Primary Pulmonary Hypertension is basically a disorder of the blood vessels wherein the pressure in the pulmonary artery rises above normal levels, thereby posing a life-threatening risk. Several diseases or causative factors, largely unknown, may lead to the malfunctioning denoted by the term Primary Pulmonary Hypertension.
Research done in recent times point out that A mutation in the gene denoted BMPR2 Causes Primary Pulmonary Hypertension. Researchers have sensed that other genes may also possibly lead to causing Primary Pulmonary Hypertension. It is also probable that other genes can contribute to the development of the disease in people, together with the known mutation of the BMPR2 gene. The disease is thereby inheritable via genes.

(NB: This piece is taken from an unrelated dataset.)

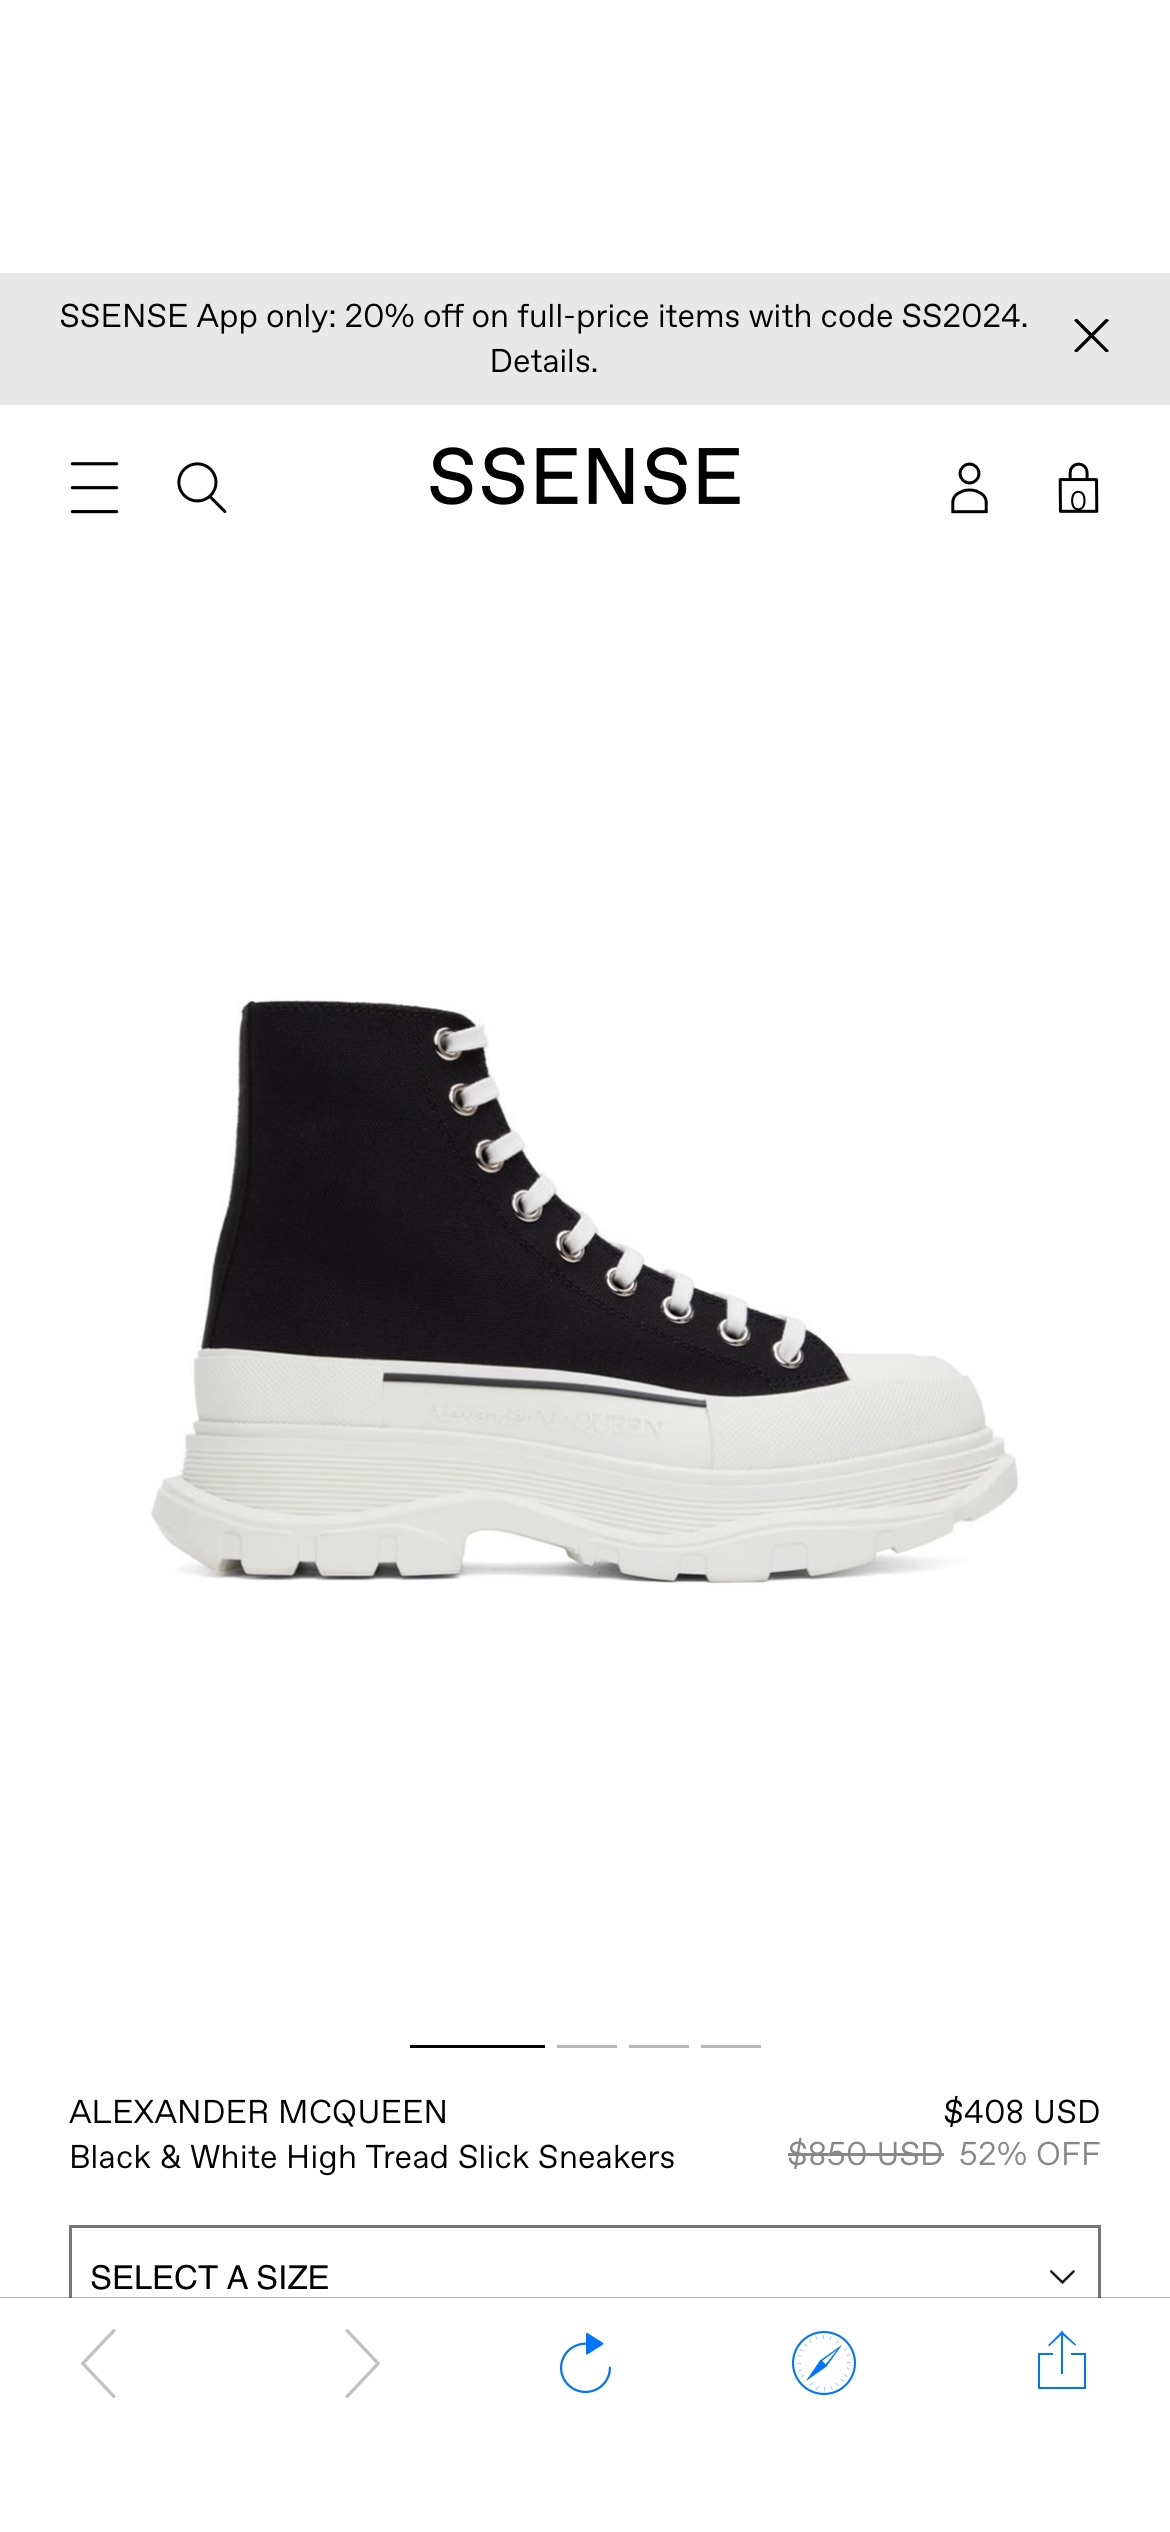 Black & White High Tread Slick Sneakers by Alexander McQueen on Sale
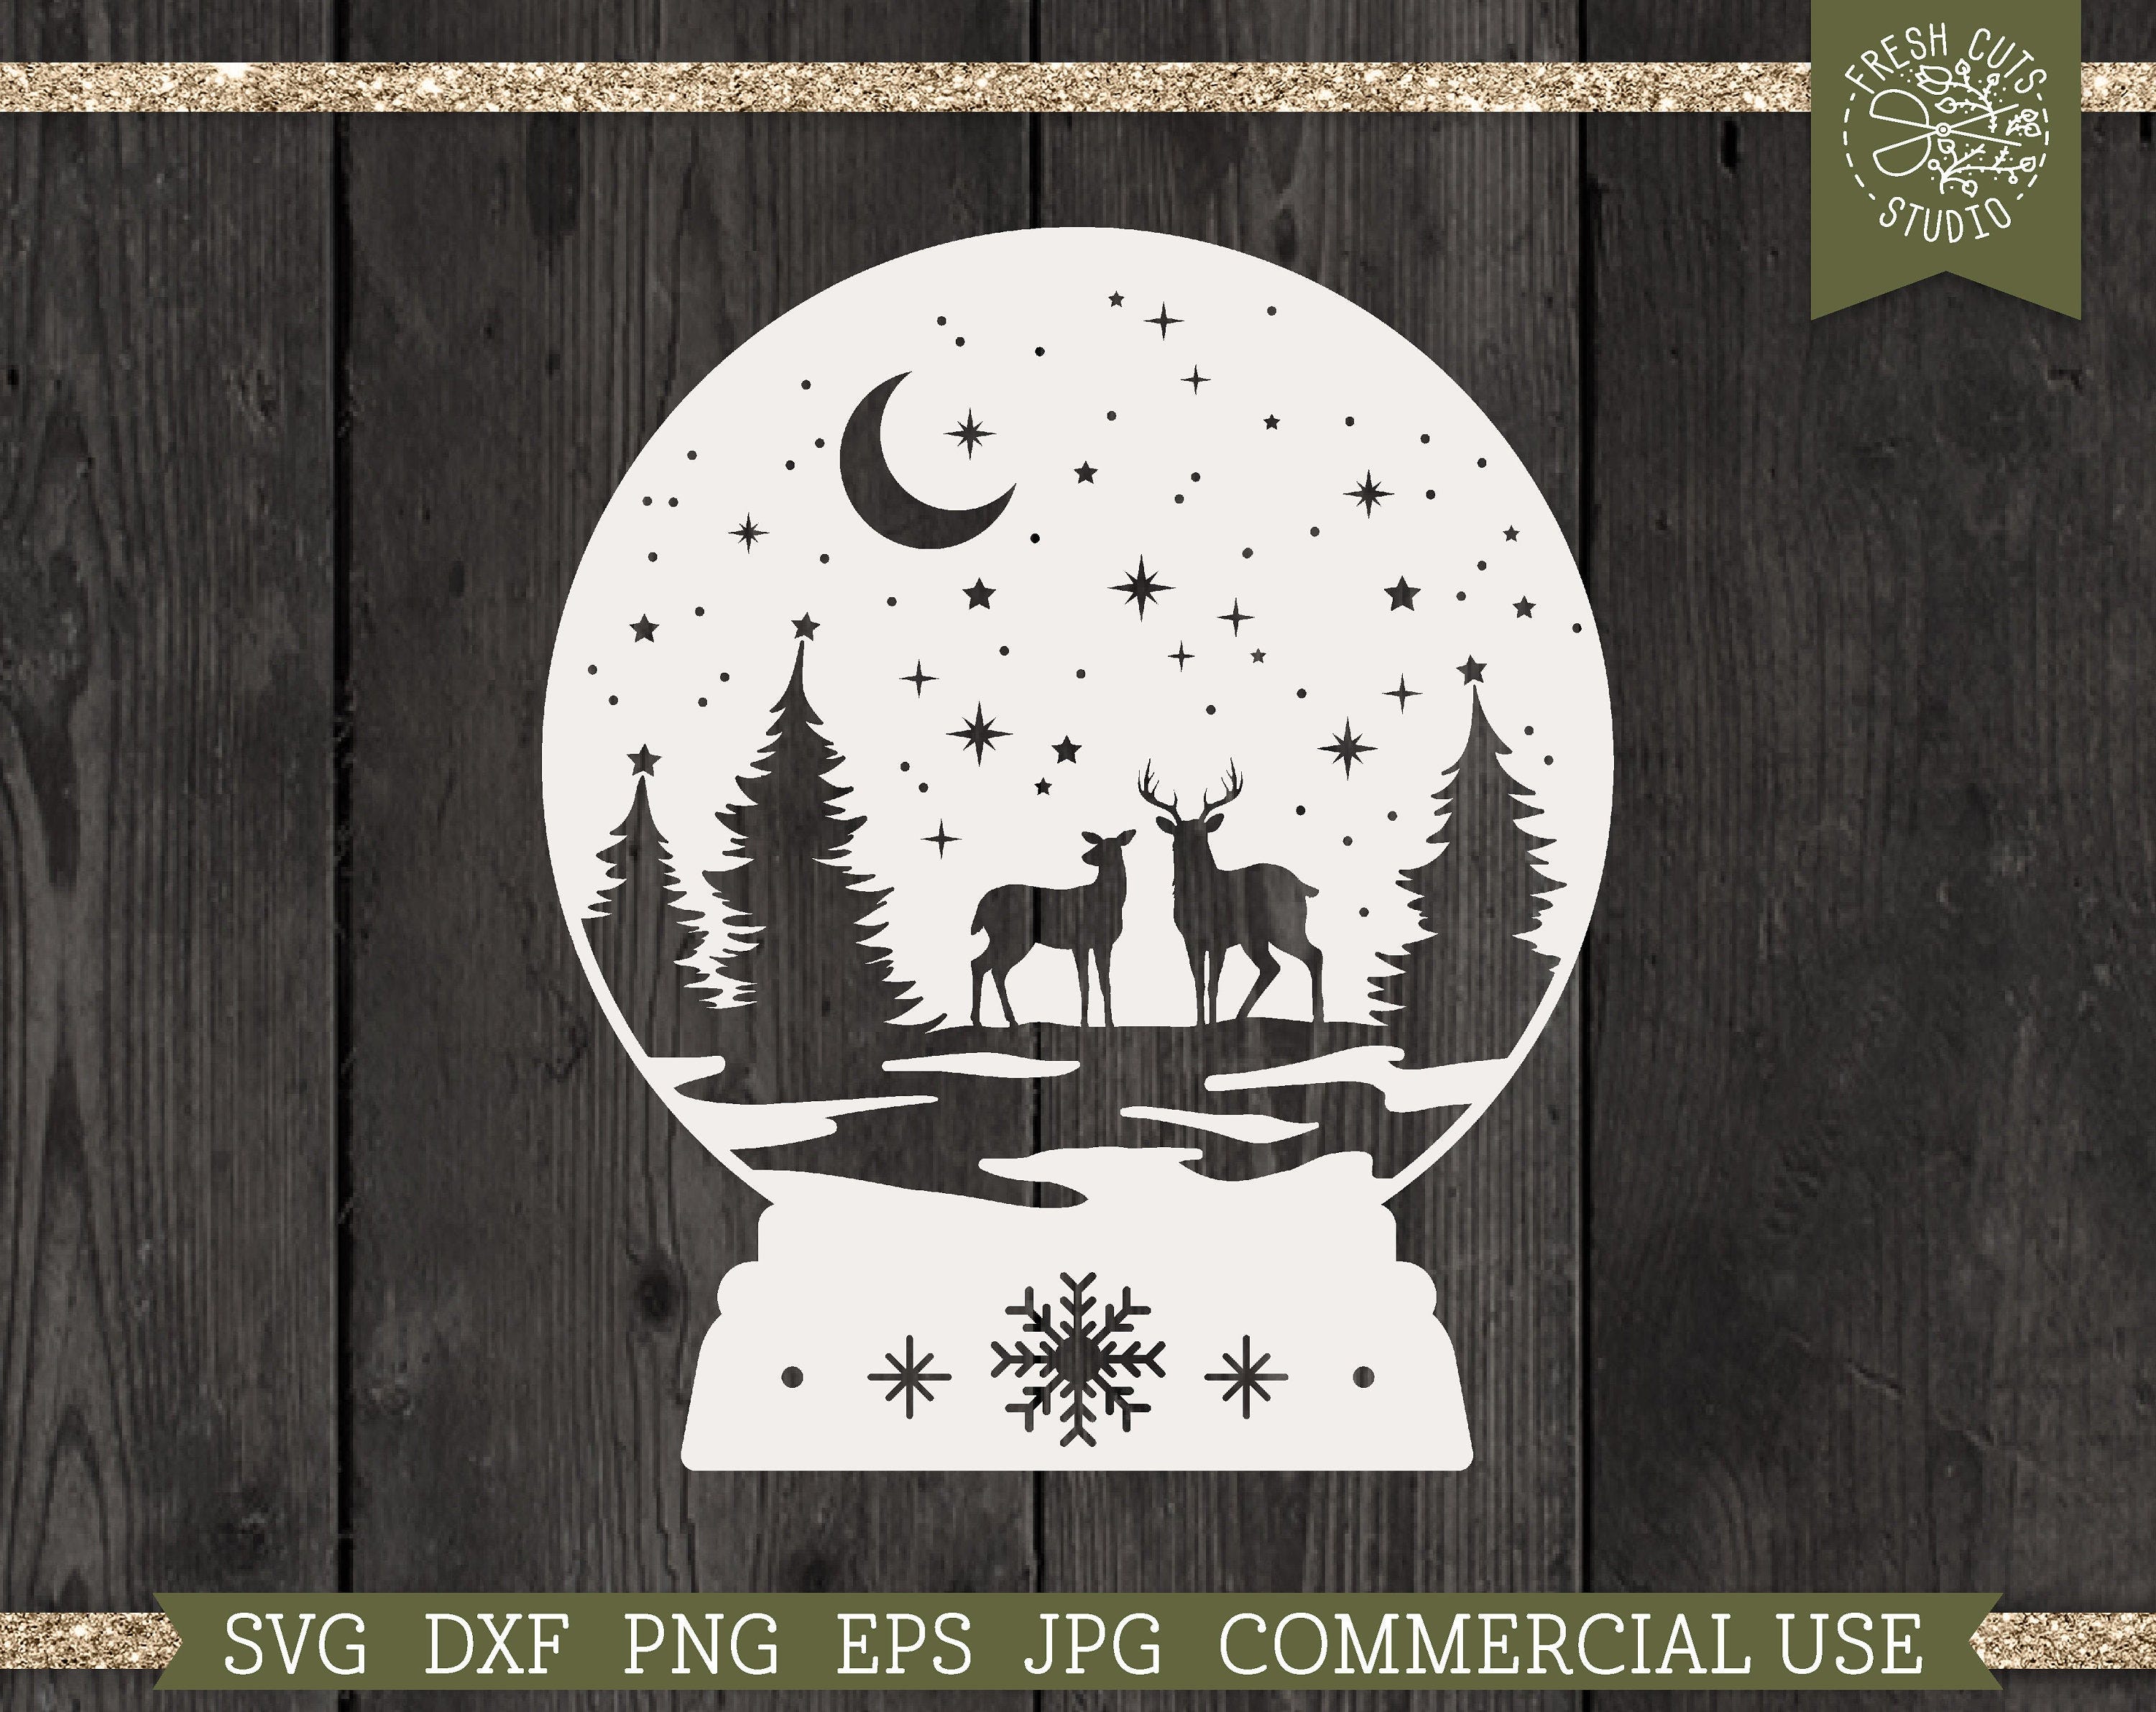 Snowglobe Winter Deer SVG Christmas Scene Cut File, png eps dxf jpg, Starry Moon Pine Tree Forest, Snowy Rustic Christmas, Deer Family SVG

Most cases of Primary Pulmonary Hypertension are, however, found to be not inherited as a result of traits in genes. Cirrhosis of THE liver, stimulant abuse and H.I.V. infection are often closely associated with Primary Pulmonary Hypertension, though no cause of the disease has been specifically delineated. Conclusive evidence has, however, been found regarding a direct correlation between the usage of appetite suppressants (diet drugs) and the risk of Primary Pulmonary Hypertension. The names of Pondimin and Redux, commonly known as Fen Phen, are important in this regard. These drugs were recommended by hospitals and health centers from the 1970s to late 1990s. The manufacturers and the people prescribing it (doctors and the like) did not have the necessary diligence to discover the severe risk involved in using the drugs. Their ignorance has, thus, been the cause of thousands of people either suffering from the disease or potentially at risk to fall prey to the deadly condition.